Special meetings allow shareowners to vote on important matters, such as electing new directors that can arise between annual meetings. Shareowner input on the timing of shareowner meetings is especially important when events unfold quickly and issues may become moot by the next annual meeting. This proposal does not impact our board’s current power to call a special meeting.

This proposal topic won more than 60% support at CVS, Sprint and Safeway.

The merit of this Special Shareowner Meeting proposal should also be considered in the context of the opportunity for additional improvement in our company’s 2011 reported corporate governance in order to more fully realize our company’s potential:

The Corporate Library, an independent investment research firm, rated our company “High Concern” in executive pay — $37 million for Ivan Seidenberg.

Performance Share Units for our executives covered a three-year period, which was not sufficiently long-term, and were payable in cash, which did nothing to tie executive performance with long-term shareholder value. Even worse, more than half of the target PSU’s were paid for underperforming more than half of our company’s peer group in terms of relative Total Shareholder Return. Underperforming our industry peers should not result in monetary awards of any kind to our executives.
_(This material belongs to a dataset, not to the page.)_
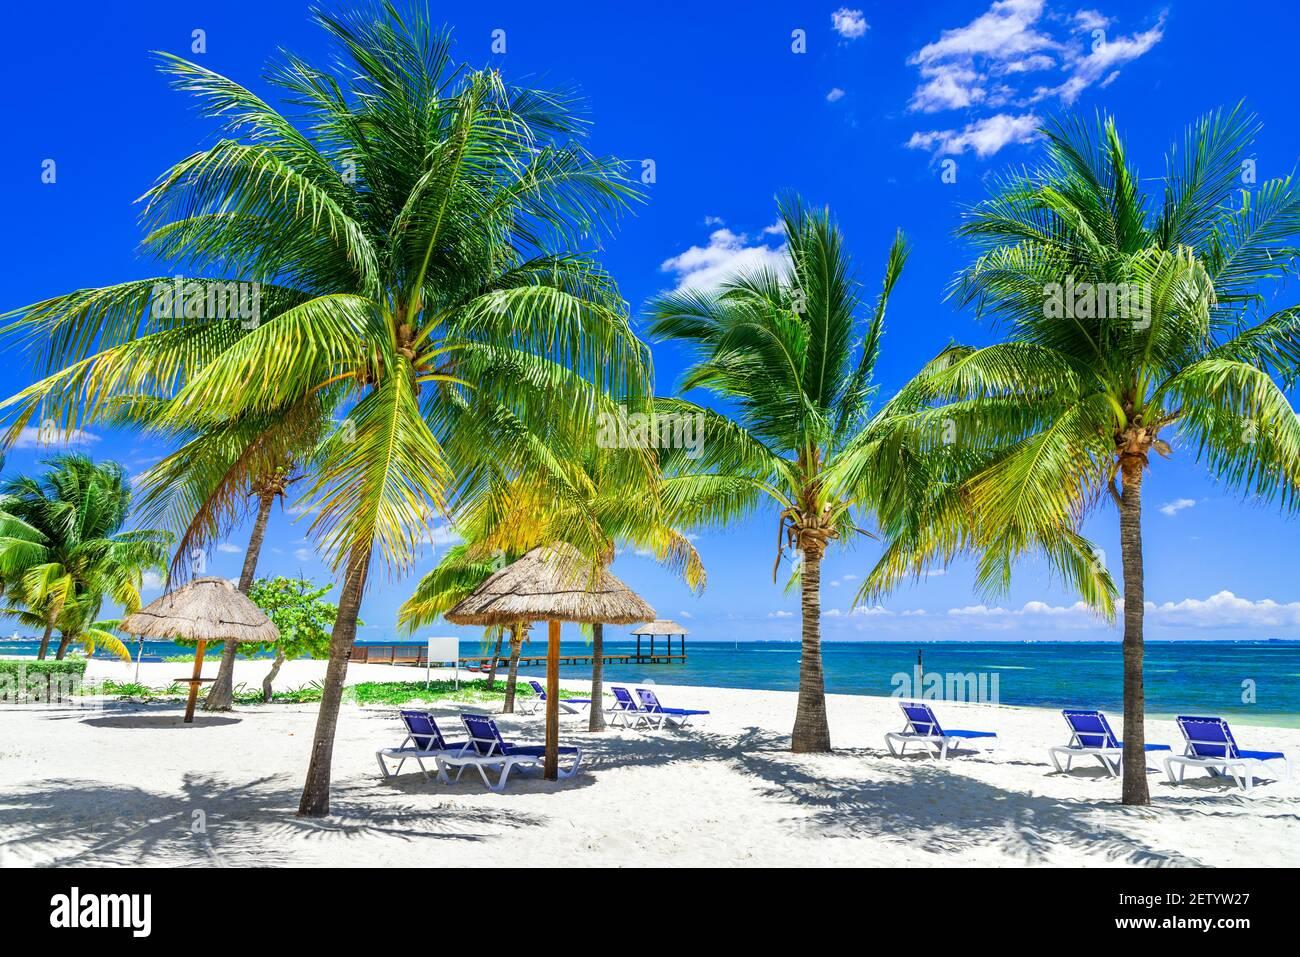 Paesaggio tropicale con palme da cocco sulla spiaggia dei caraibi, Cancun, Penisola dello Yucatan in Messico. Foto Stock

Our CEO was also entitled to a potential $30 million payment in the event of a change in control. Combined with executive perks for our CEO such as the personal use of company aircraft and contribution to a non-qualified deferral plan, these examples suggested that executive pay practices were not aligned with shareholder interests.

Please encourage our board to respond positively to this proposal to initiate improved corporate governance and financial performance: Special Shareowner Meetings – Yes on 7.
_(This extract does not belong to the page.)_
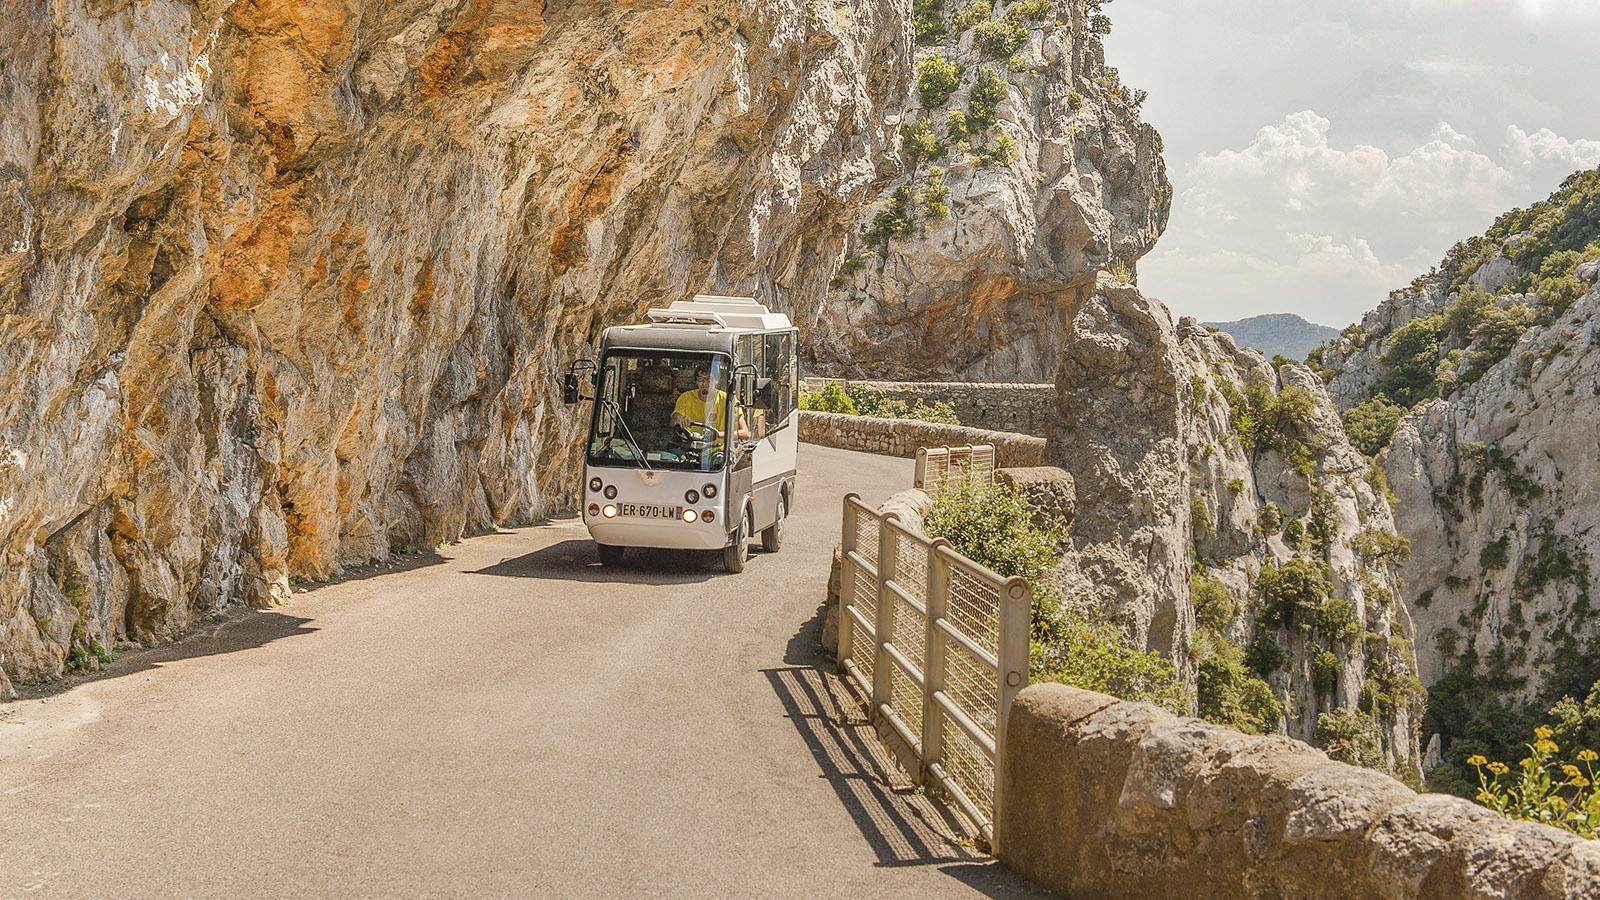 Gorges de Galamus: Im Sommer pendelt ein Elektrobus durch die Schlucht. Foto: Hilke Maunder

BOARD OF DIRECTORS’ POSITION

Verizon’s Board of Directors believes that this proposal is unnecessary because Verizon’s shareholders already have a meaningful right to call a special meeting. Under Verizon’s bylaws, any shareholder who owns at least 10%, or multiple shareholders who together own at least 25%, of Verizon’s stock may call a special meeting of shareholders. There are only limited circumstances under which a special meeting requested in accordance with the Bylaws would not occur, each of which is designed to prevent costly meetings that are unnecessary because they cannot result in legal action or because shareholders have recently had or will soon have an opportunity to address issues. These circumstances are:

  • the stated business of the special meeting is not a proper subject for shareholder action under Delaware law;

  • the stated business either will be taken up at a shareholder meeting called by the Board to be held within 90 days or was already taken up at a shareholder meeting held within the past 90 days; or

  • the request is made during the period beginning when shareholders may propose business for the Company’s annual meeting and ending at the annual meeting (in this case shareholders already have an opportunity to propose business for the annual meeting without forcing the Company to incur the expense of a special meeting).

A special meeting of shareholders is an extraordinary event that is both expensive and time-consuming. The Board has carefully considered this issue in each of the past four years and firmly believes that the ownership thresholds and the common sense safeguards contained in Verizon’s current bylaw provision strike an appropriate balance between the right of shareholders to call a special meeting and the interests of Verizon and its shareholders in promoting the appropriate use of company resources.

The Board of Directors recommends that you vote AGAINST this proposal.